The data:
----

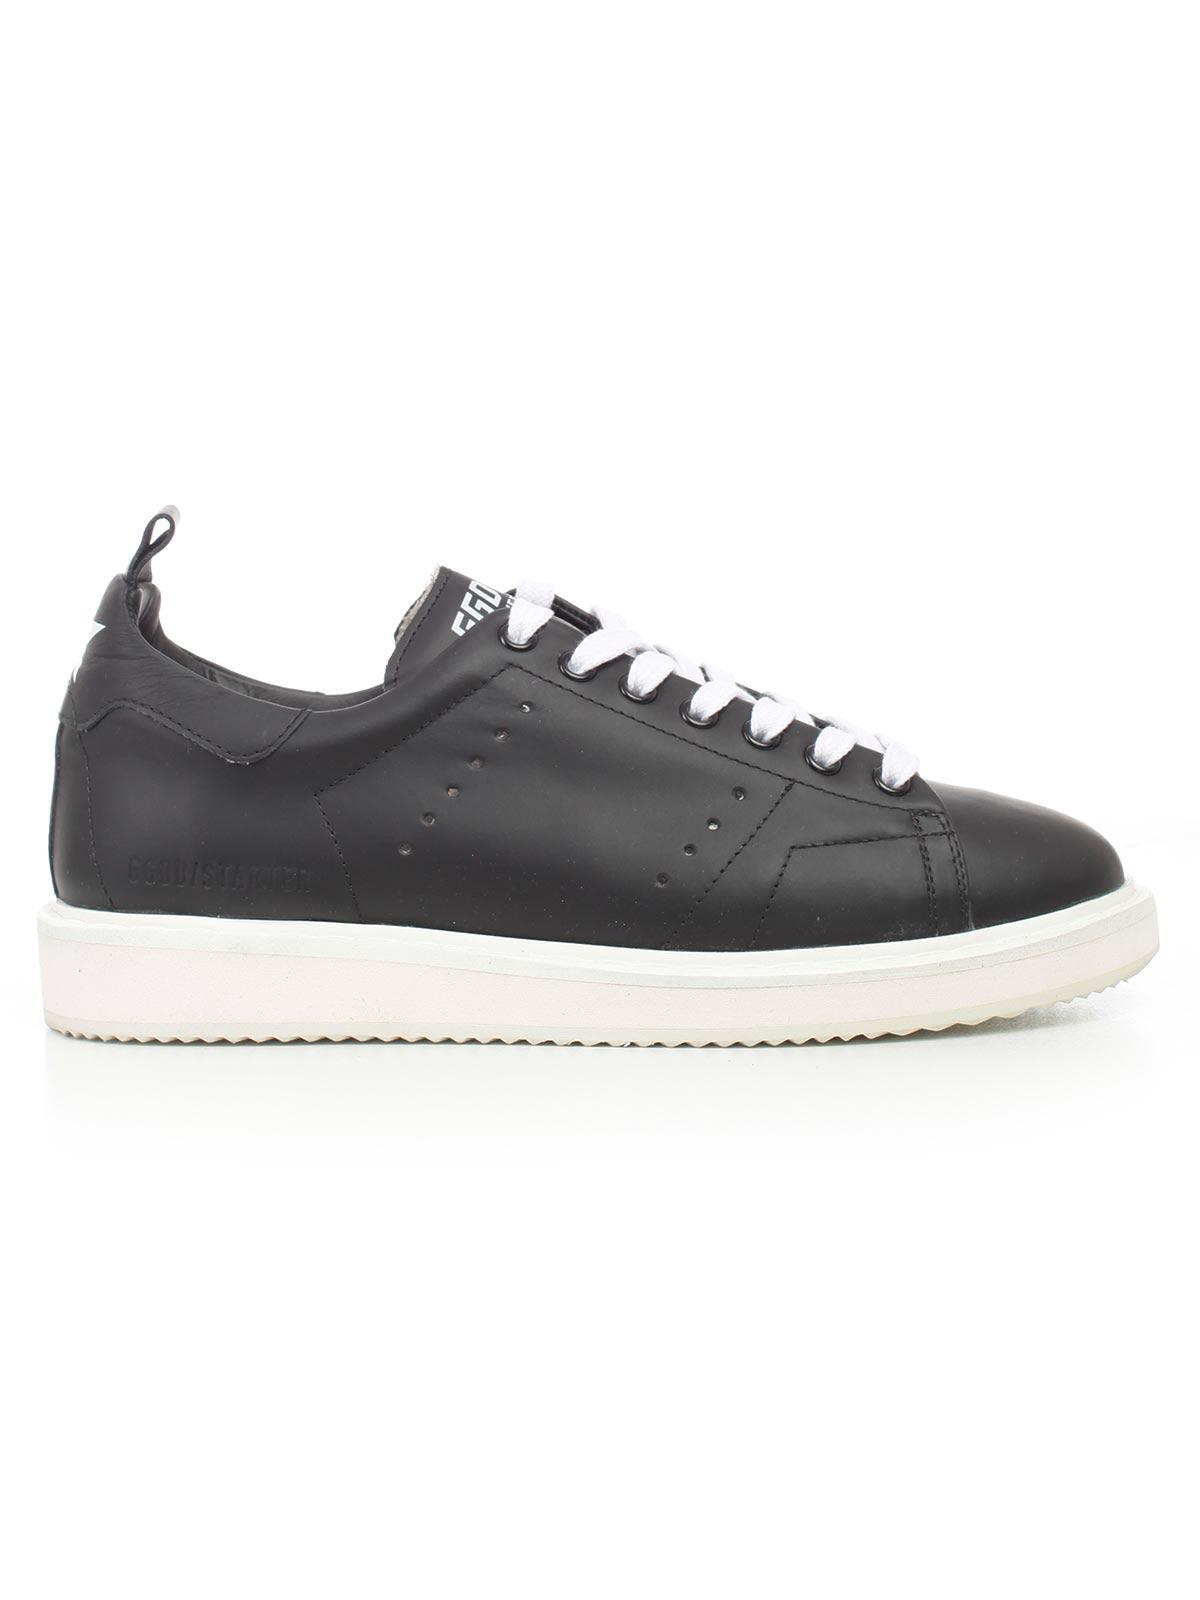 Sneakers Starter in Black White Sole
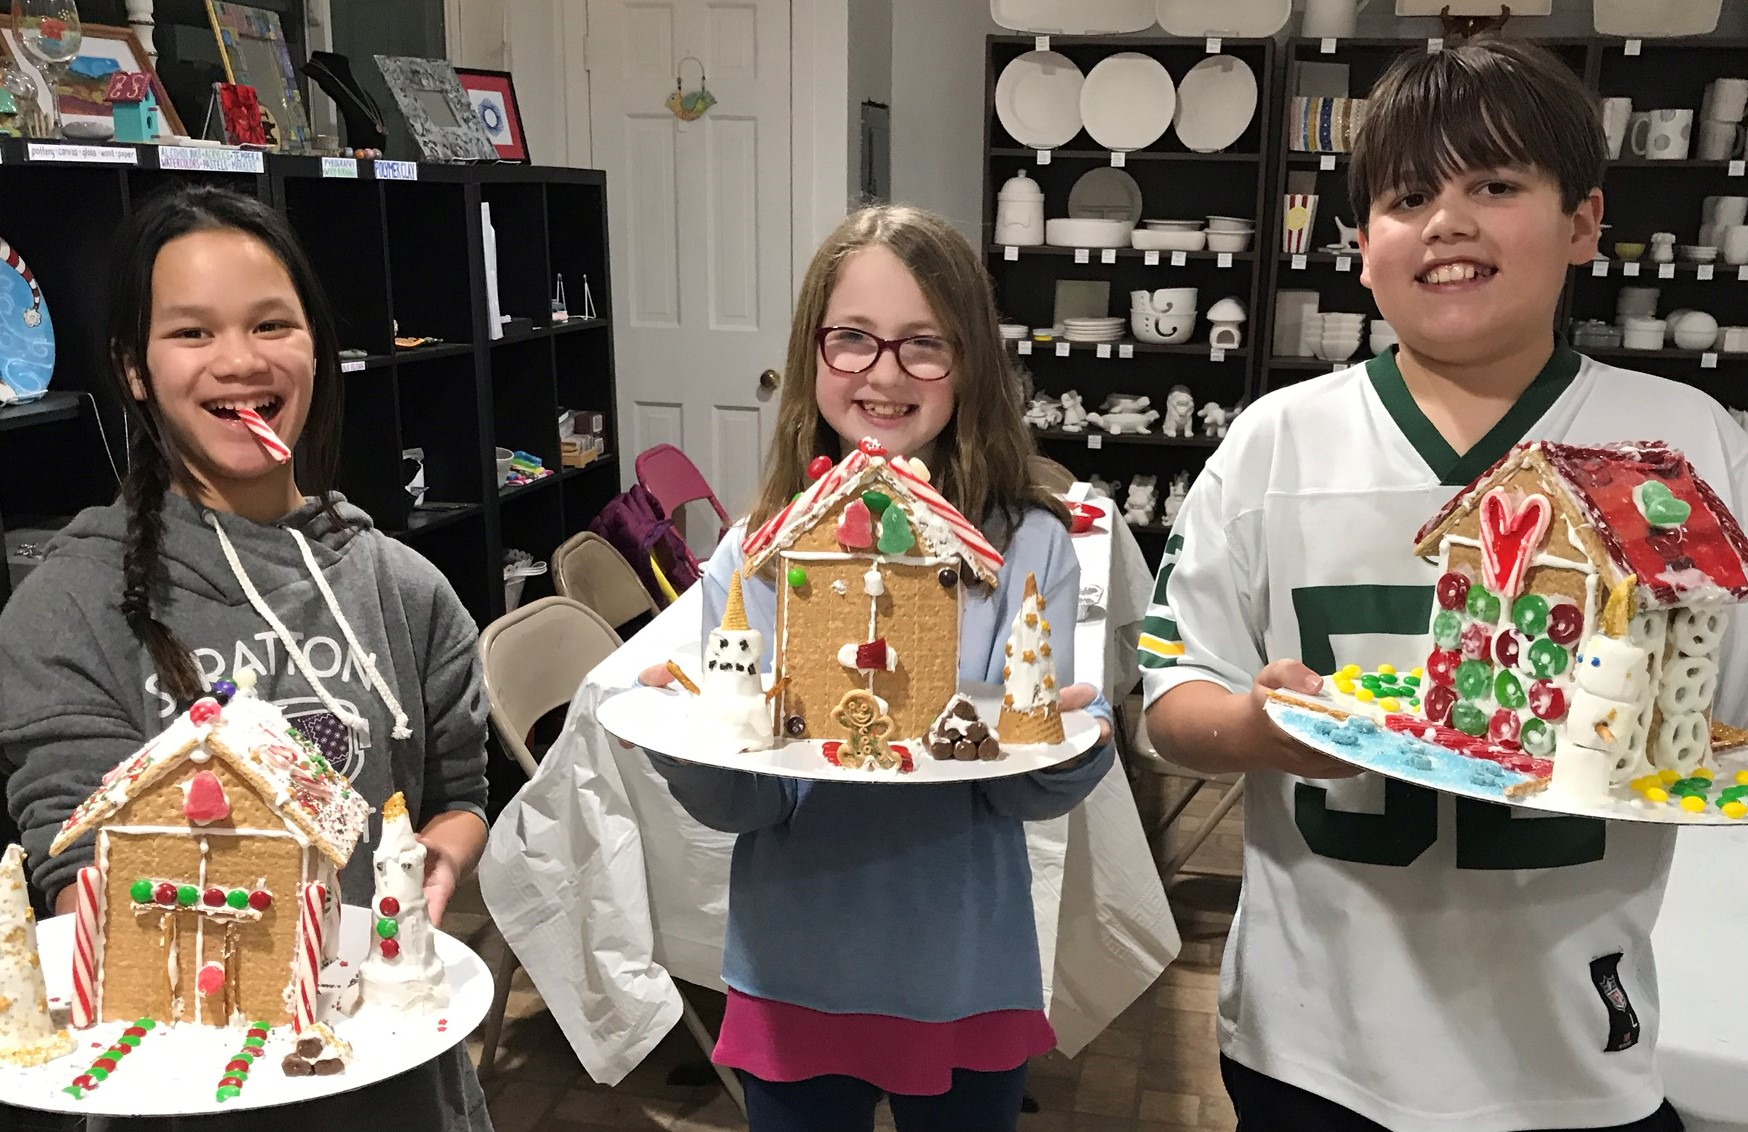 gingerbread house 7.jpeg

----

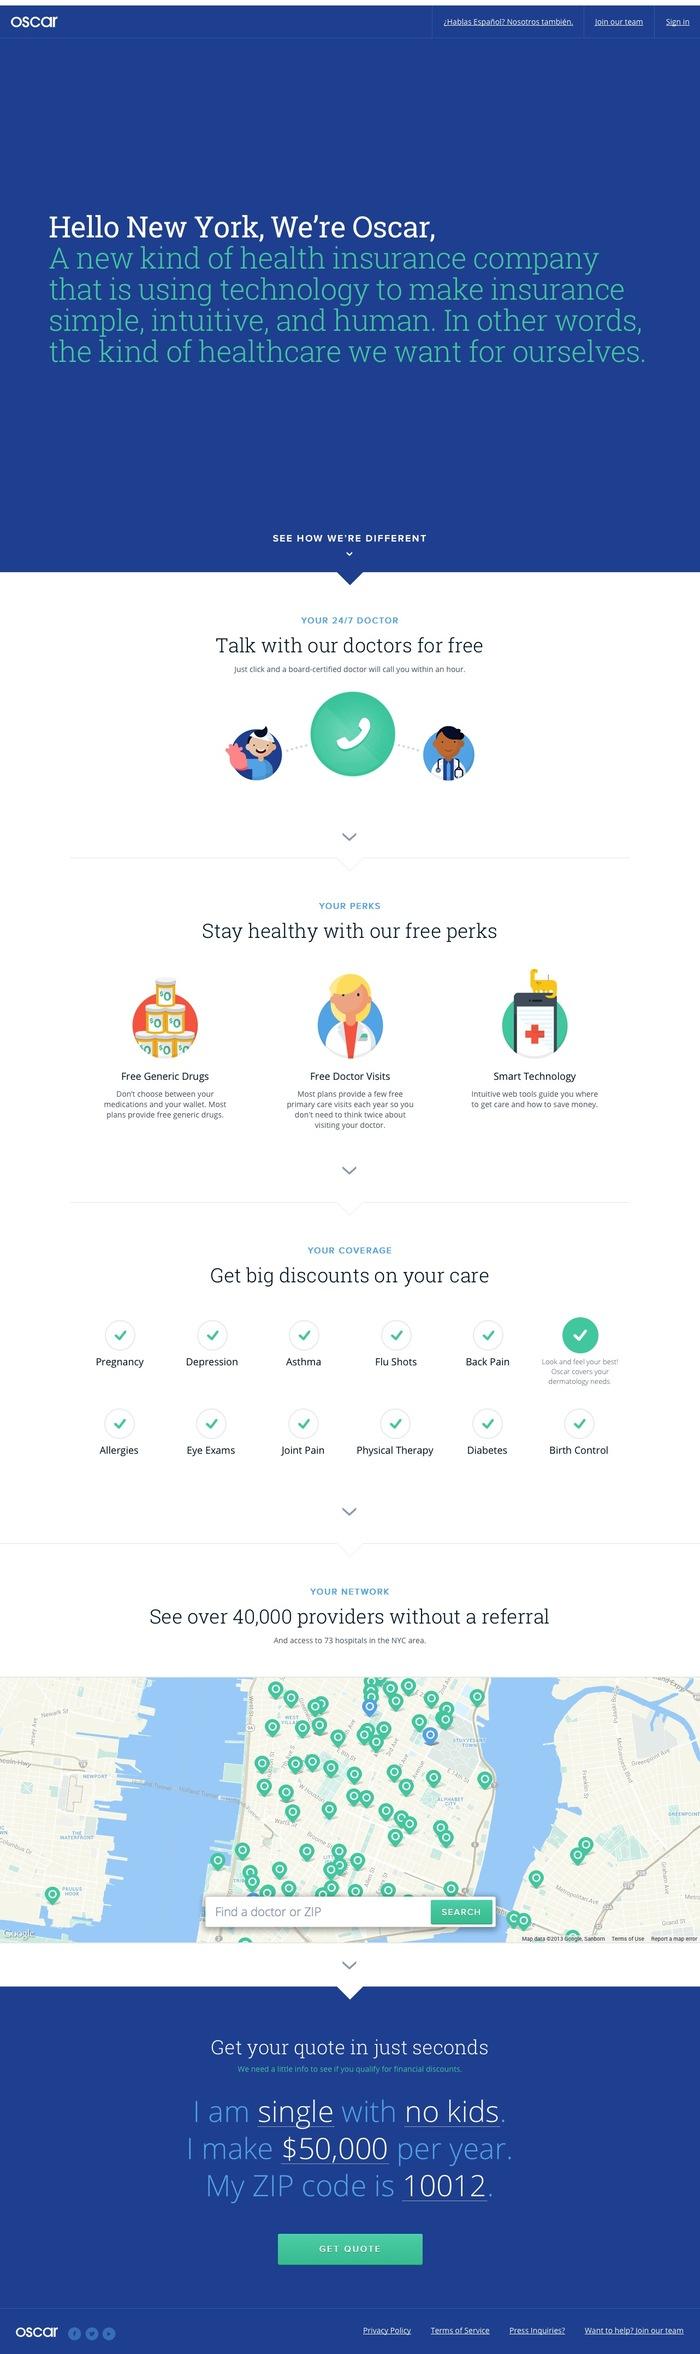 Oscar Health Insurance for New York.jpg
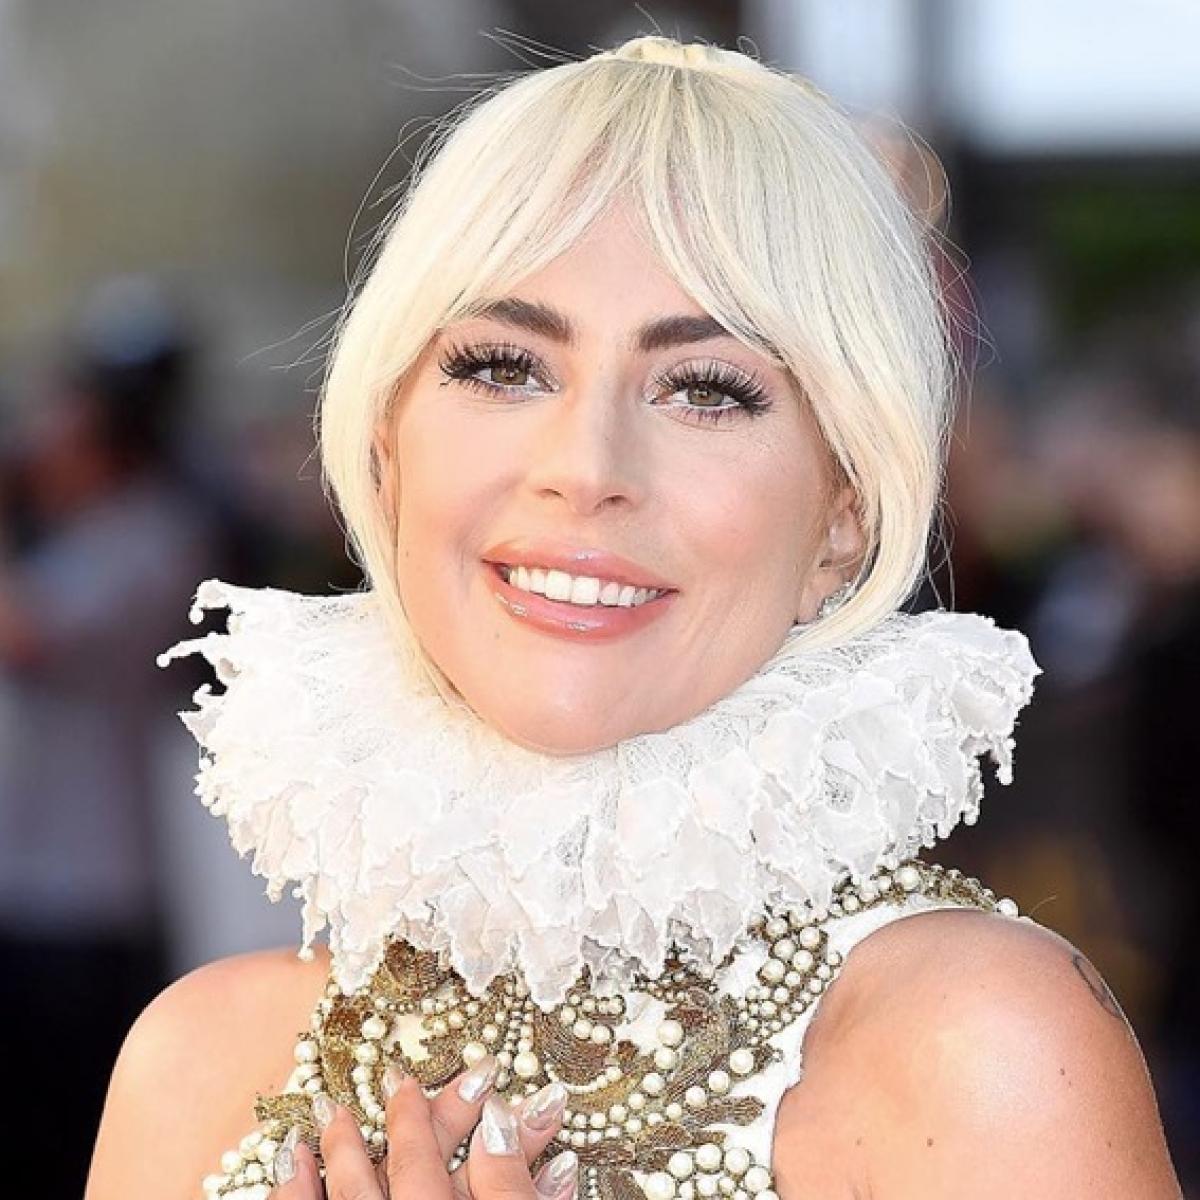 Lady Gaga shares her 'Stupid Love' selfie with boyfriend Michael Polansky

----

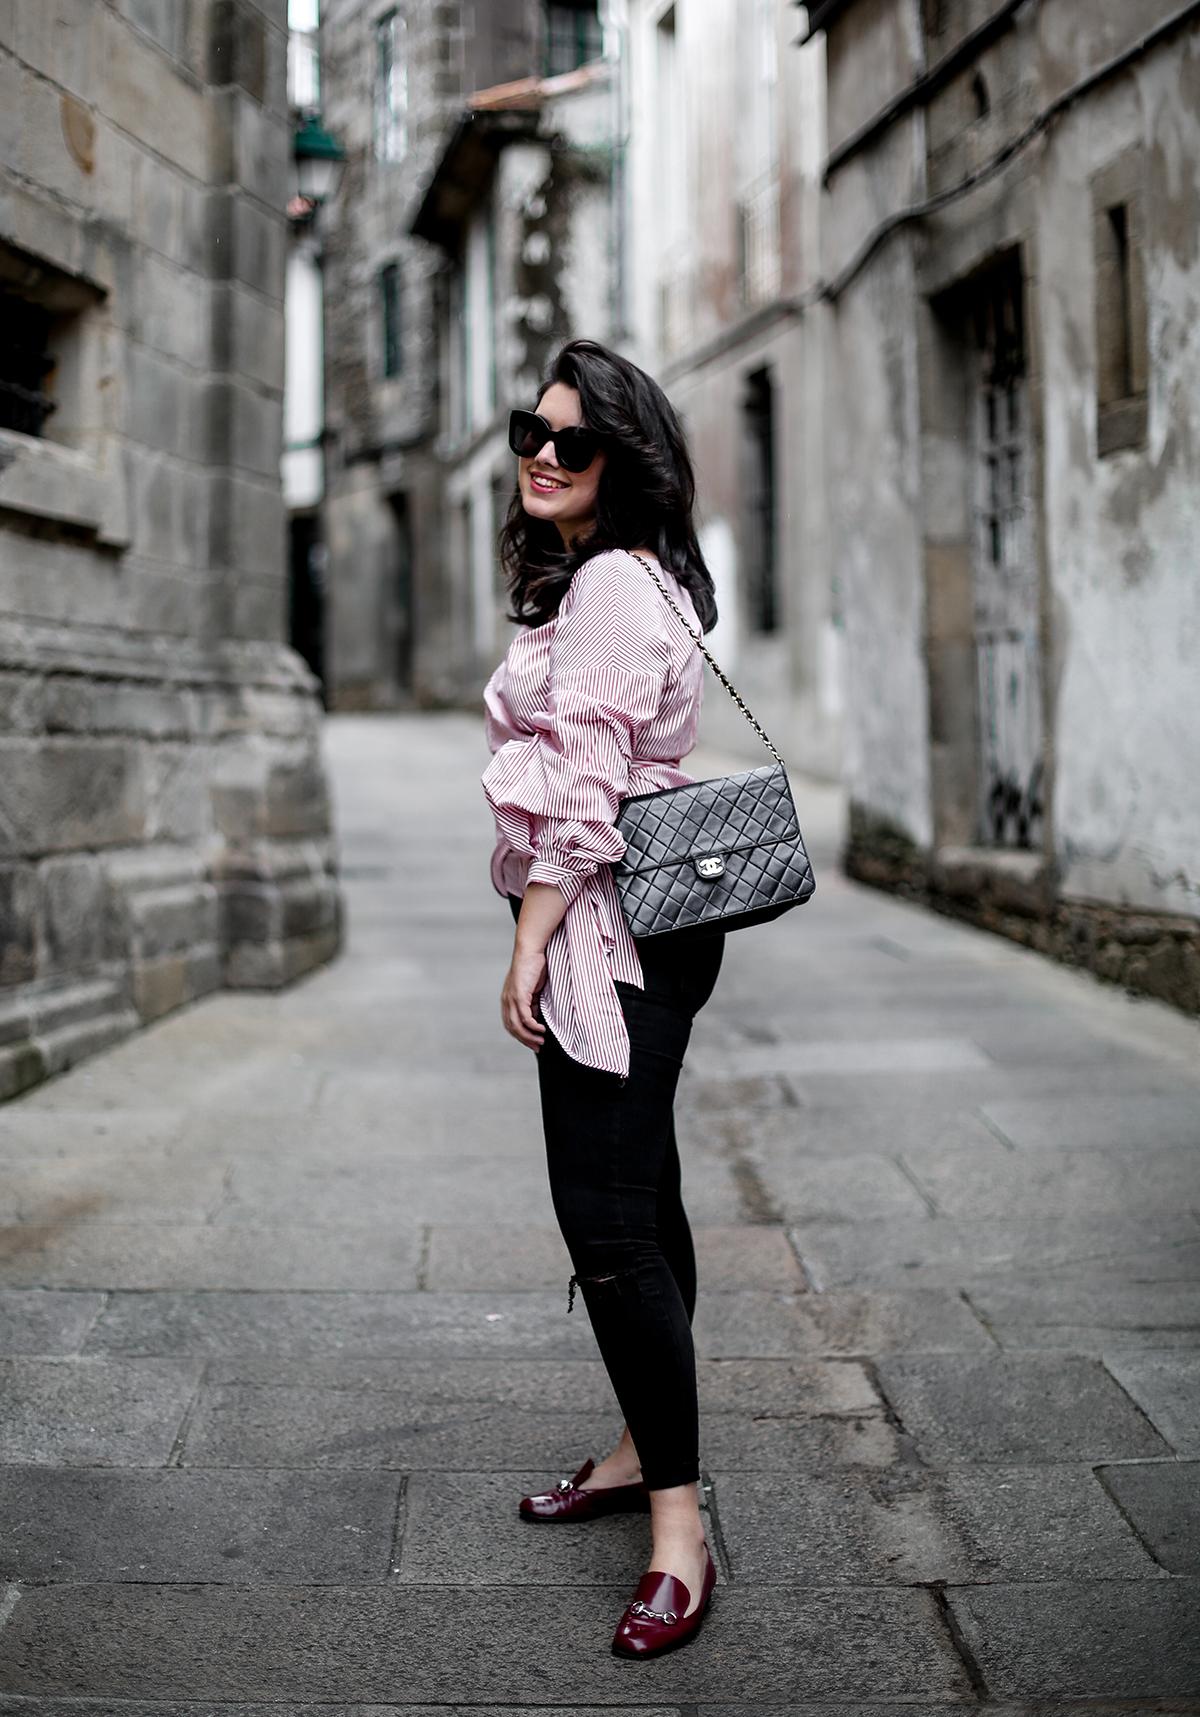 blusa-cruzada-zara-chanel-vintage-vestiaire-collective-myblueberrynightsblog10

----

Exercise requirements: Please repeat the lines of the material above exactly, starting with the line that contains "Sneakers Starter in Black White Sole" and ending with the line that contains "gingerbread house 7.jpeg". Leave the pictures out.

Response to this exercise:
 Sneakers Starter in Black White Sole
 gingerbread house 7.jpeg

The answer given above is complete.